* _RECORDS TO USE_
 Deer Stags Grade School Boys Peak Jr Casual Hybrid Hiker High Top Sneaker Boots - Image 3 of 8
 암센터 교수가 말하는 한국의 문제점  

---

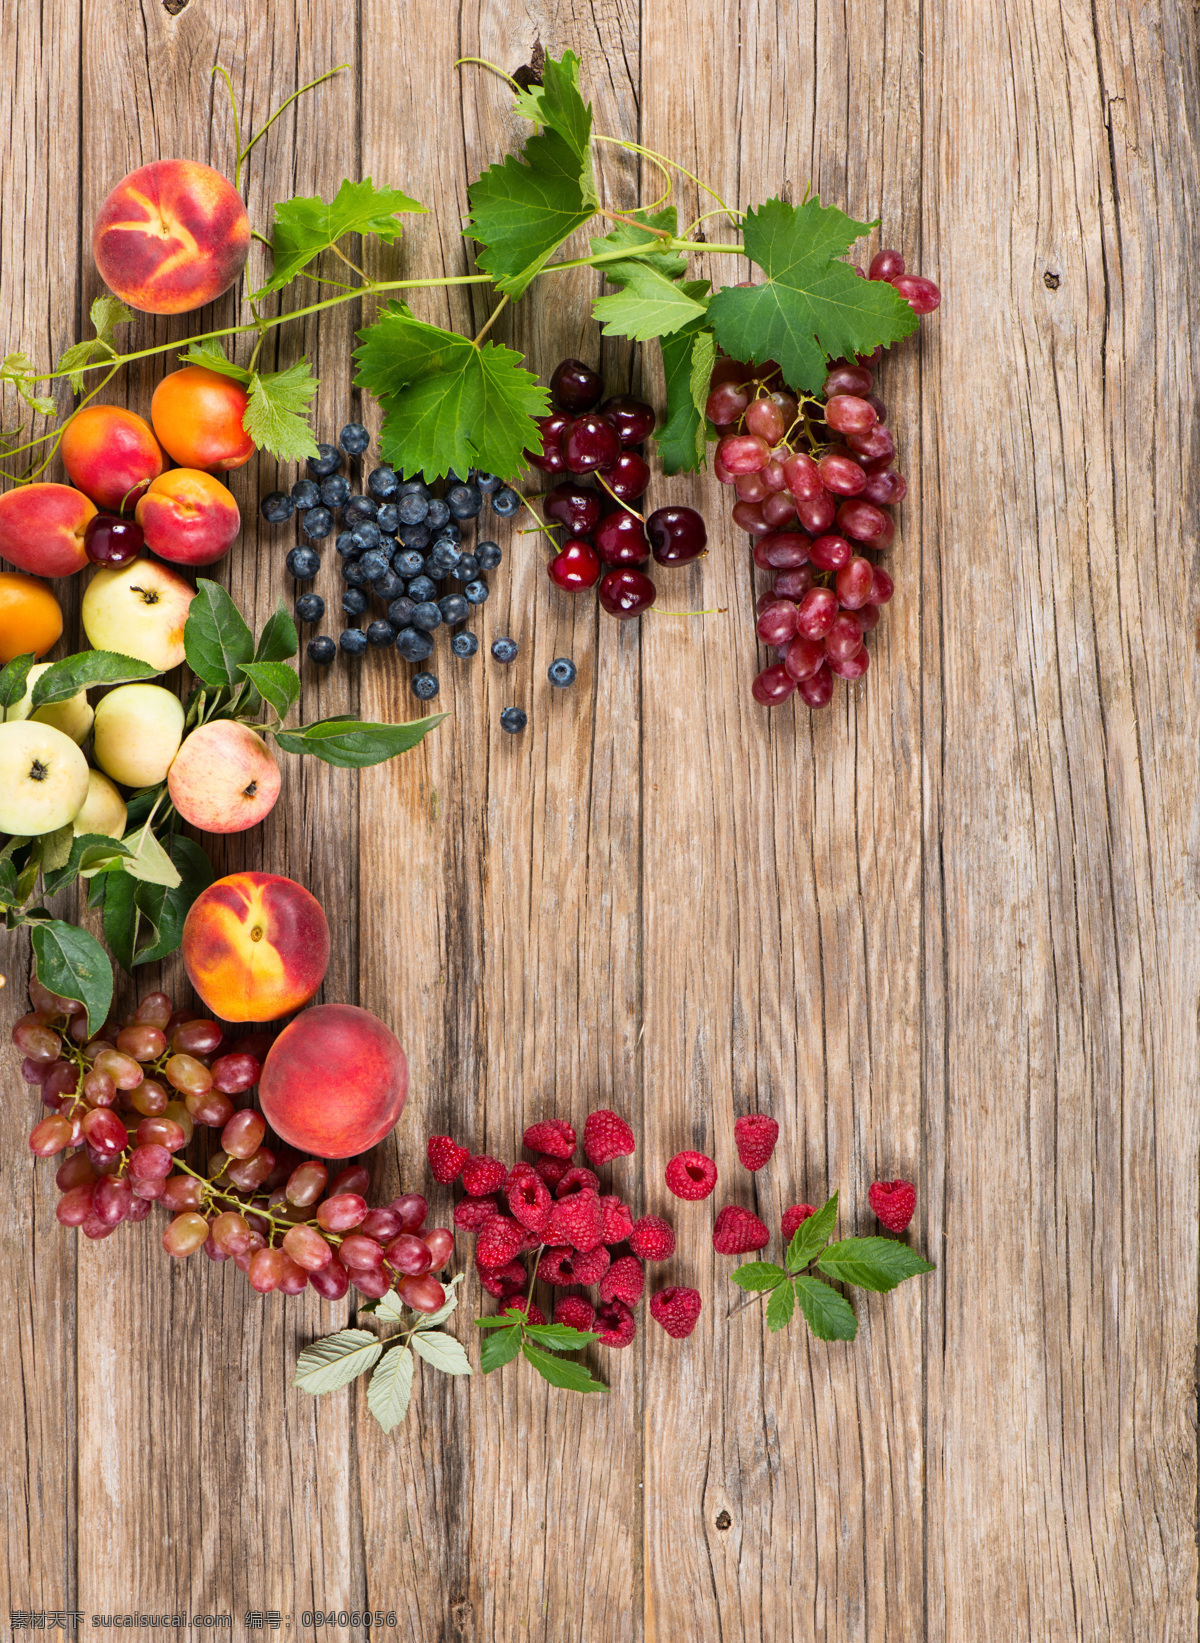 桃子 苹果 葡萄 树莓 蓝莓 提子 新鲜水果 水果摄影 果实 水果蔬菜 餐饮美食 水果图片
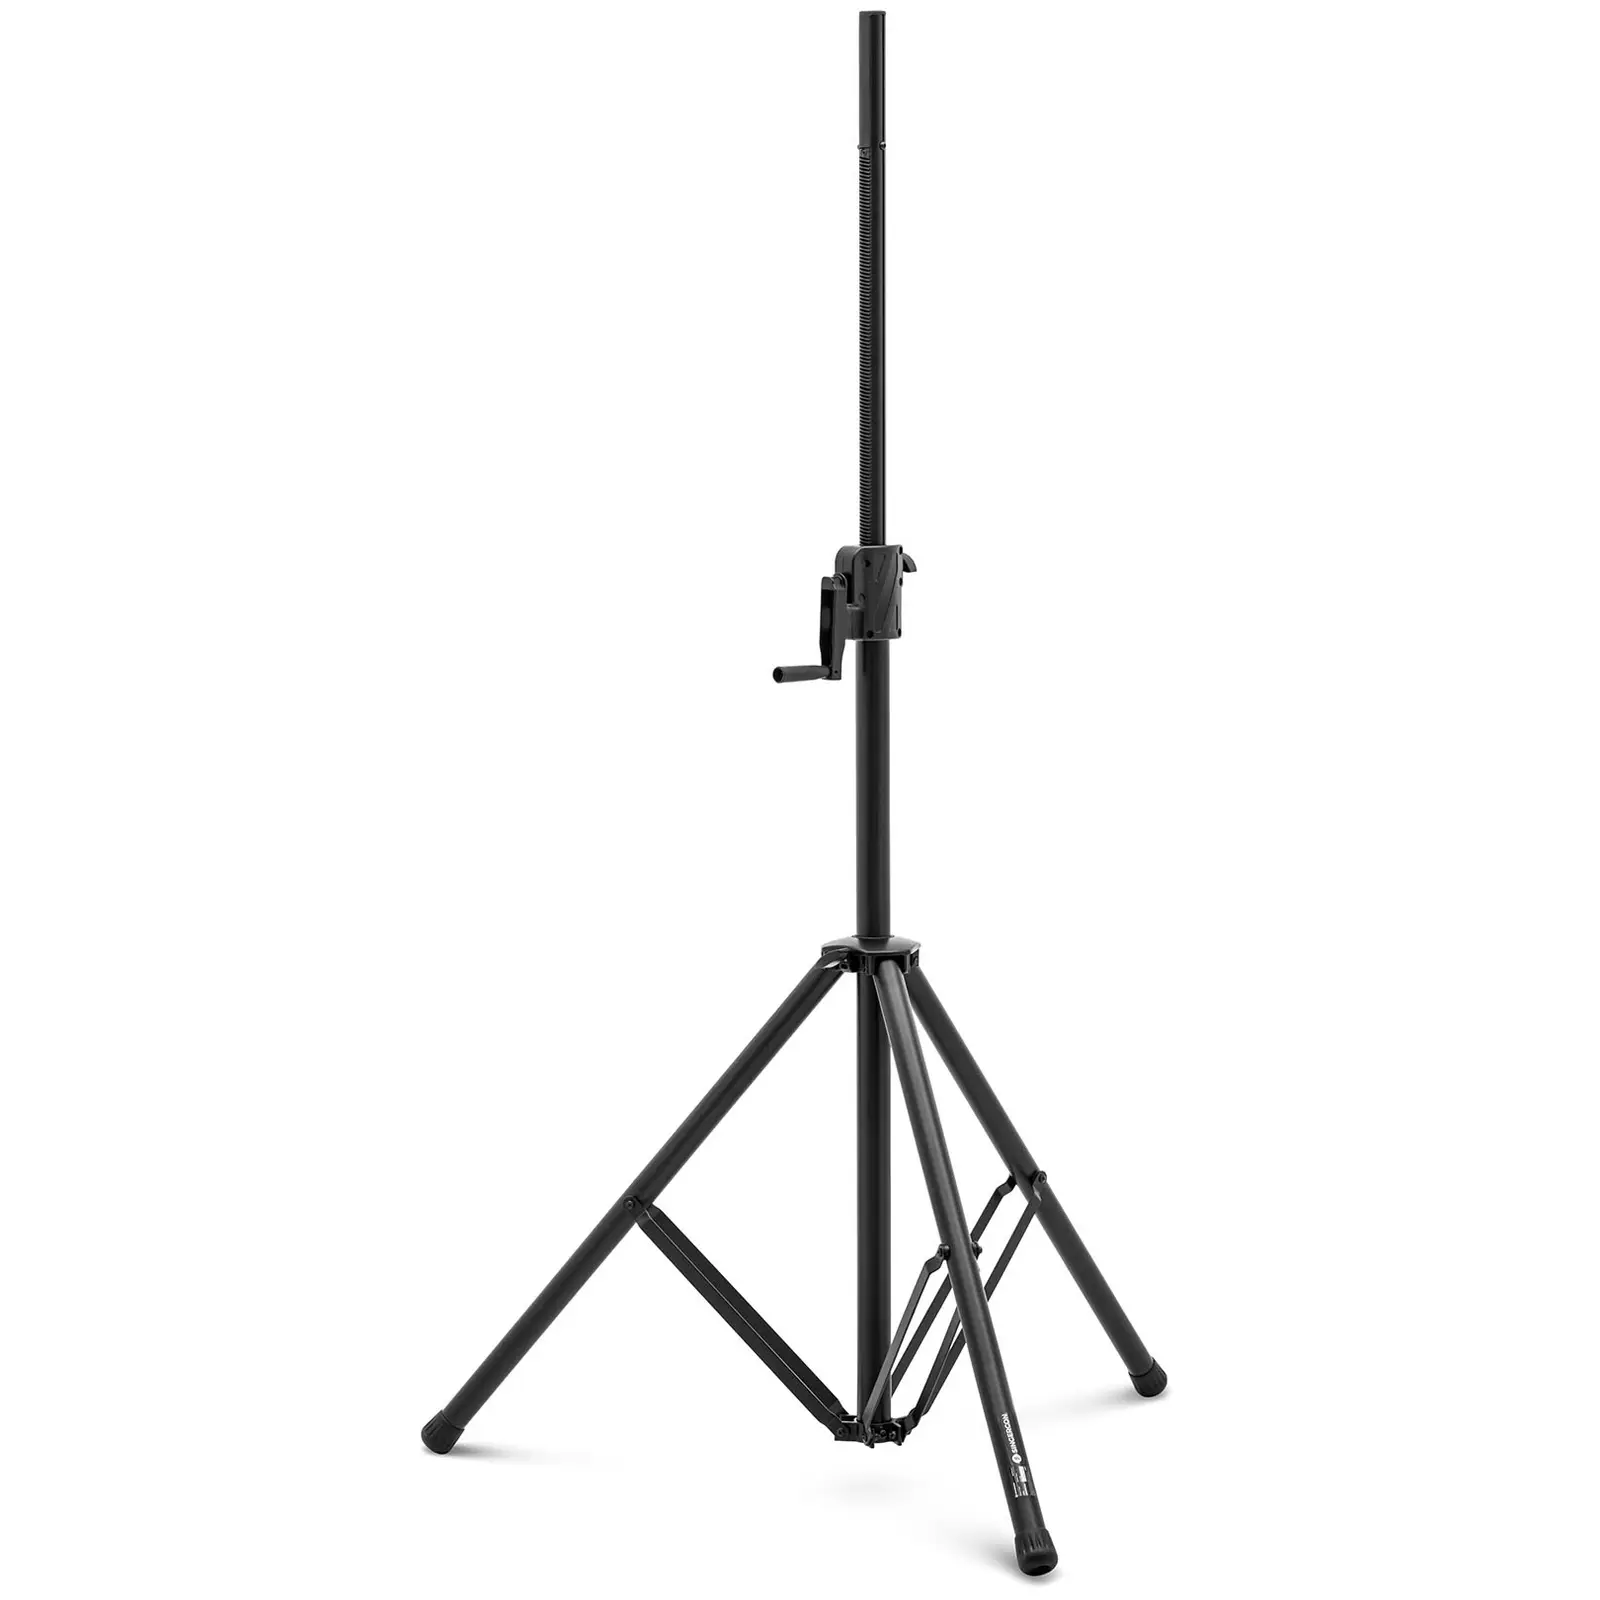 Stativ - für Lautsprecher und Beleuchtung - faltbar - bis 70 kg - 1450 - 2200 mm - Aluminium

* _DIRECTIONS_
Every line above from the line with "Deer Stags Grade" to the line with "암센터 교수가 말하는 한국의 문제점", both included, must be reproduced exactly, and no other line may appear.

* _TASK SOLUTION_
 Deer Stags Grade School Boys Peak Jr Casual Hybrid Hiker High Top Sneaker Boots - Image 3 of 8
 암센터 교수가 말하는 한국의 문제점  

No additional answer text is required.